What's my point? The idea of successive "generations" of programming languages replacing one another at higher levels of abstraction and application specificity is not historically accurate after, say, 1960. (COBOL, Fortran, and Lisp all existed in 1960.) Wikipedia should not present it uncritically, but rather note it wherever it appears as folk-history and marketing jargon rather than historical reality. --FOo 15:23, 8 Dec 2003 (UTC)

[edit] Scope/accuracy of this article

This article, the other articles in the programming language generation series, and the first comment on this discussion page, all characterize language generations in a way that seems strange to me.

In particular, the idea of calling C a second generation language is bizarre. Its relatively low level notwithstanding, this flies in the face of how the term has always been used. Just the fact that it is possible (important!) to write optimizers for C, and that assembly language programmers shake (or rather, shook) their heads about the inefficiencies of C code generation, would seem to bear this out.

My understanding of the history of this term – but one for which I am as yet unable to find good sources – is as follows:

  • First generation languages are simply the numerical machine code of a particular processor. In general-purpose computing, machine code was only used on the very first computers. Those computers themselves were termed "first generation" hardware, and were based on vacuum tubes or mechanical relays.
  • Second generation languages are symbolic assembly languages that provide a mnemonic sugaring for machine language. By the 1950s, as second-generation (transistorized) hardware became dominant, essentially all processors were shipped with assemblers.
  • Third generation languages were first developed in the 1950s. They originally were just called "higher level languages", in contrast to "assembly language"; "generations" was still primarily a term applied to hardware. Important early HLL efforts, as everybody knows, included FORTRAN, COBOL, PL/I, ALGOL, and LISP.
  • The term fourth generation language was introduced became popular in the 1970s to describe nonprocedural languages – languages with significant processing that occurred "behind the scenes", instead of being directly specified by the programmer. [update: Though according to a citation on the 4GL article, James Martin asserts that the term was in use in the 1960s.] These included constraint-based languages, output-oriented languages (e.g. report writers), application generators, and database languages, among others. A few random names include RAMIS, NOMAD, FOCUS, QUEL, SQL [update: some object to considering SQL and other query languages as 4GLs, but these were in fact archetypes of the concept at the time; note that they were called fourth-generation languages, not fourth-generation programming languages], Smalltalk, and the programming languages associated with most database systems of the day, as well as domain-oriented systems like SPSS. Most were attempts to allow end users to specify processing requirements in the language of their fields – bringing the computer to a subject matter expert, rather than forcing such users to become computer experts. Many of these languages were interpreters.
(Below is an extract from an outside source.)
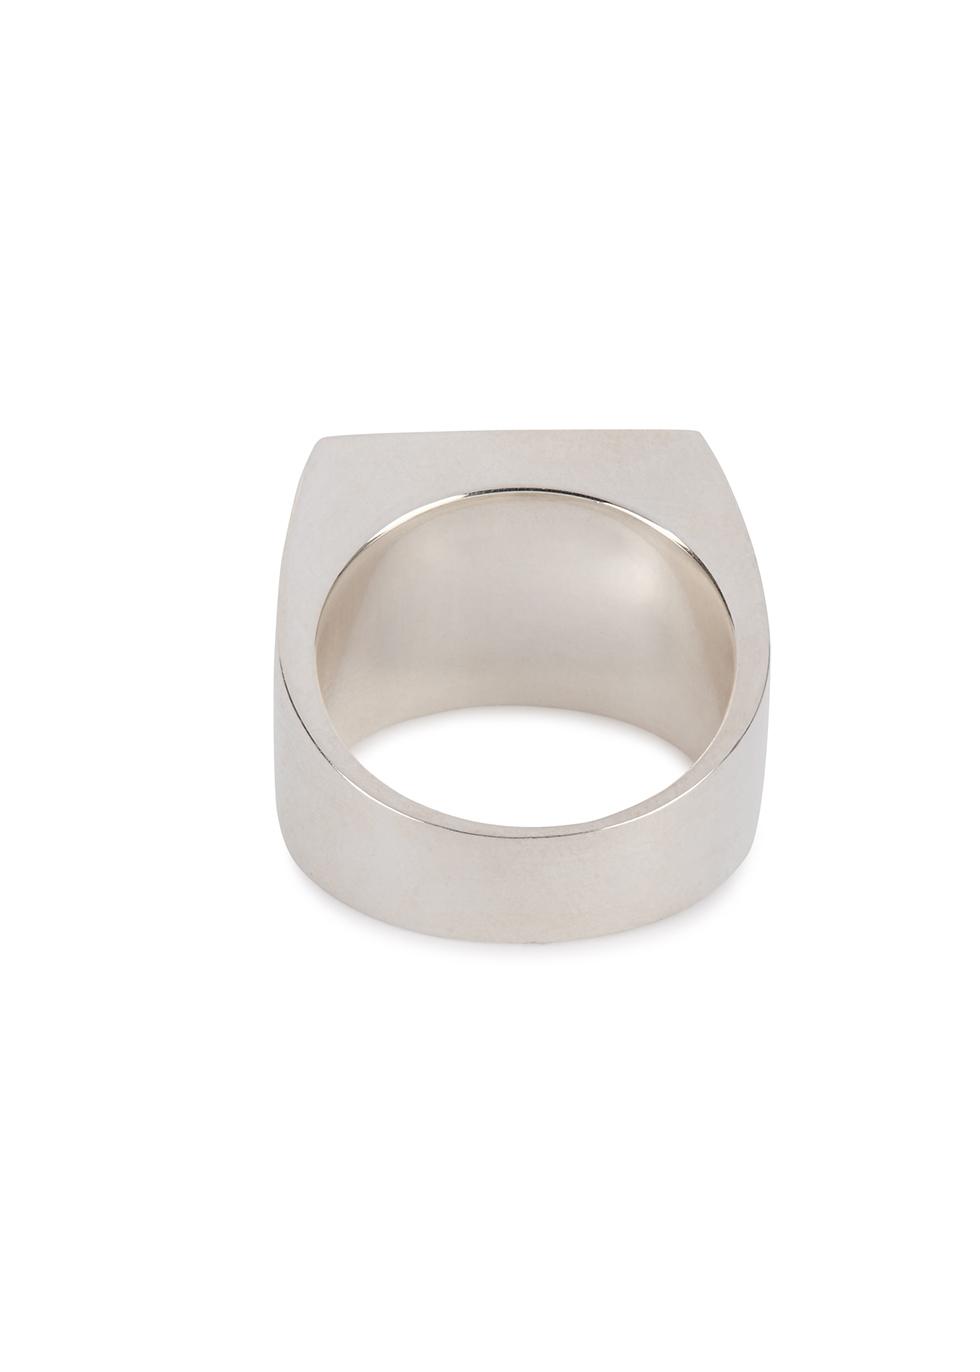 Sterling silver signet ring - LEGIER

The distinction between fourth generation and third generation languages increased the sense that assemblers were second-generation languages. Note that powerful earlier languages such as LISP, Simula, and even FORTRAN and Algol (when considered alongside their function libraries) were capable of great complexity and sophistication; but that the term 4GL was generally reserved for languages that were geared to an end-user problem space.
  • The term fifth generation language was invented to describe various approaches to language design after – well, after the term 4GL came into wide use. It emerged around the time of Japan's famous fifth generation computer project of 1982. It has been variously applied to the language concept du jour since then. [update: Its value would seem to be in identifying languages that aren't like the 3GL procedural languages nor the 4GL nonprocedural/domain-oriented languages.]
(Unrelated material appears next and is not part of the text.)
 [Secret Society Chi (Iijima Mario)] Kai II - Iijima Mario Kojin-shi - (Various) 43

I present this for what it's worth. Having programmed using languages in all generations, fought the good fight to introduce higher-level languages into second-generation shops, and participated in the development of so-called fourth-generation and fifth-generation languages, I would hope this description isn't too far off.
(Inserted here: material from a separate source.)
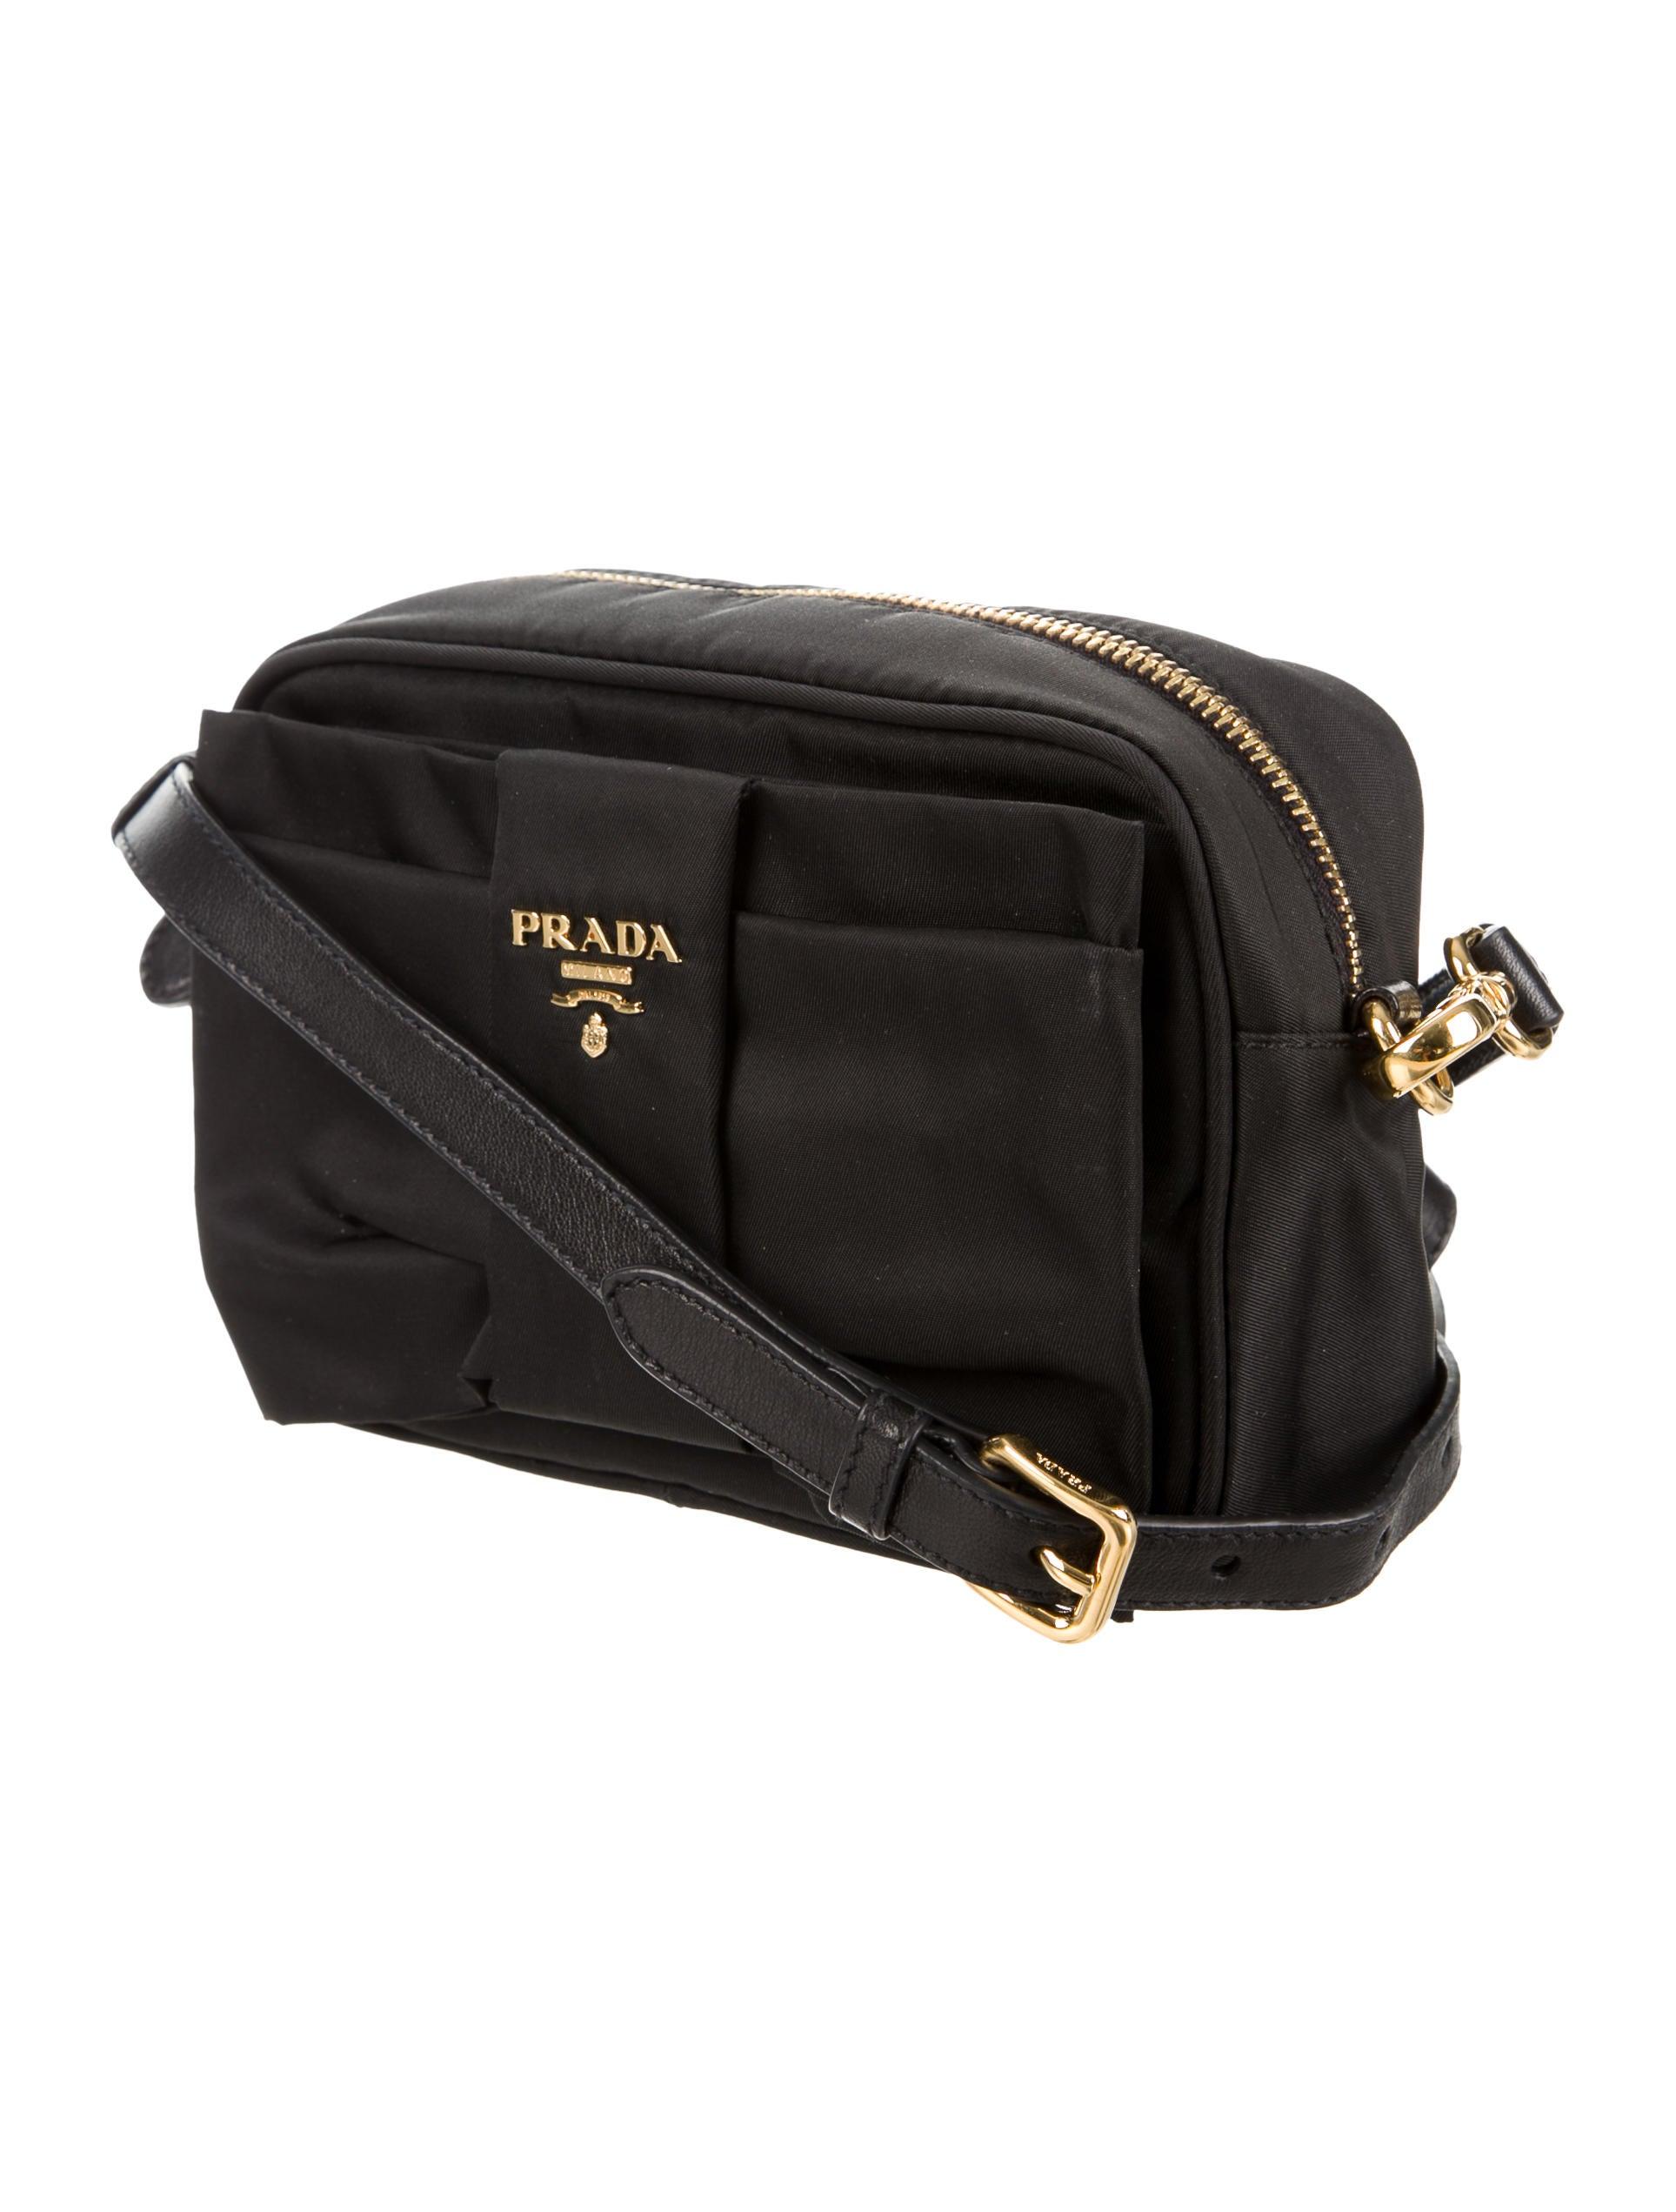 570010363735 Prada Nylon Crossbody Handbags

I agree with the comment above that we need to distinguish the historical use of nth-generation language from neologisms based on programming complexity/hierarchy. However, since the latter seems to be the current trend in practice, perhaps both views need to be presented, on these pages and on a new article about programming language generations that all of these should use as a main article. Trevor Hanson 18:18, 7 October 2007 (UTC)

I'm not sure exactly when these terms were coined. I'm quite certain that machine code and assembler language were both developed without the inventors realising that these terms applied (a bit like World War One not being known by that name until after WWII) and that they have come about from an historical perspective, probably when people starting looking at languages like COBOL and needed a way to distinguish them from what had come before. As far as I am concerned, these are abstract terms which attempt to characterise a language by the proximity of its syntax to the underlying machine code. I can see the point of view that compares C with a 2GL because there is often a one to one relationship between a command and a machine instruction - but I think the portability of C definitely makes it a 3GL. I'm sure that a case can be made for specific languages falling between generations, or having attributes which make it difficult to say which it truly belongs to. However, I don't think this is the point of the series of 1GL, 2GL, 3GL ... articles because they are, or should be, discussing abstract concepts, rather than categorising individual programming languages.
Potentially you could merge this whole series into a single programming language generations article. SilentC 03:33, 8 October 2007 (UTC)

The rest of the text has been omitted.